Does he scrawl out a flowchart first? (Do you want a programmer who
codes from his head, or gels ideas a bit first?) Does he ask for WDSC,
does he refuse WDSC (are you looking for new ideas, reinforcement of
existing ideas?) Does he write out comments first and then fill in the
code? Use subprocedures / subroutines naturally? What habits would you
like in your staff? See if the candidate is like the ideal you desire"
geez i wonder how I'd shape up??
subfiles...page at a time
code from the head..
WDSC (and SEU depending on situation, etc)
comment AFTER coding
all subprocs except for one subroutine that handles program termination
stuff
Thanks,
Tommy Holden
From:
Buck <kc2hiz@xxxxxxxxx>
To:
rpg400-l@xxxxxxxxxxxx
Date:
03/11/2008 01:32 PM
Subject:
Re: Need Some RPG Technical Questions
Shannon ODonnell wrote:
Have the candidate write a short program that uses embedded SQL to pull
some
records from a file of your choice and display them in a subfile of your
own
design-specs.
Absolutely agree. The other side of this is to NOT critique the thing
when it's done. Have the candidate explain the rationale for various
decisions made (why use a load-all vs page at a time). If you see
something that looks different, think of it as something the interviewer
can learn and find out why the candidate did it that way.

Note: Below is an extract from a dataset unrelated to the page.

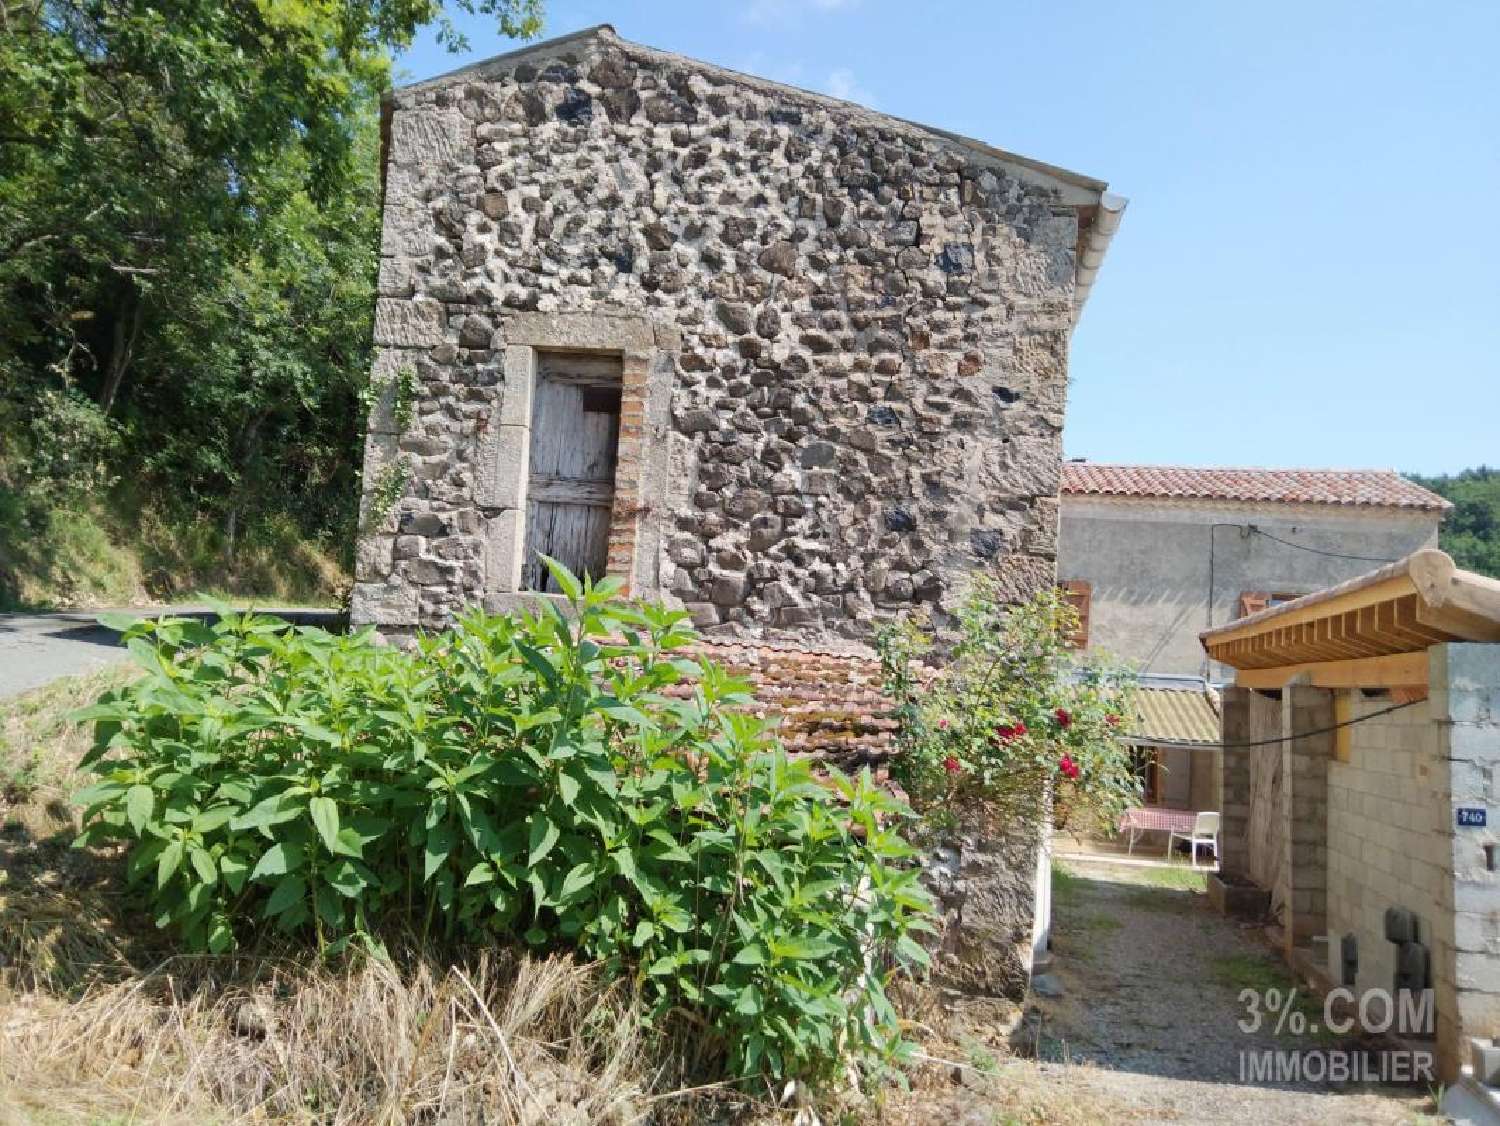  à vendre ferme Pranles Ardèche 3

One other useful technique is to actually watch the candidate work.
Does he scrawl out a flowchart first? (Do you want a programmer who
codes from his head, or gels ideas a bit first?) Does he ask for WDSC,
does he refuse WDSC (are you looking for new ideas, reinforcement of
existing ideas?) Does he write out comments first and then fill in the
code? Use subprocedures / subroutines naturally? What habits would you
like in your staff? See if the candidate is like the ideal you desire.
This can be intimidating to a candidate. Explain that you'd really like
to see the candidate shine, and that this isn't a way to nitpick the
candidate out the door, but to enjoy watching someone new at work.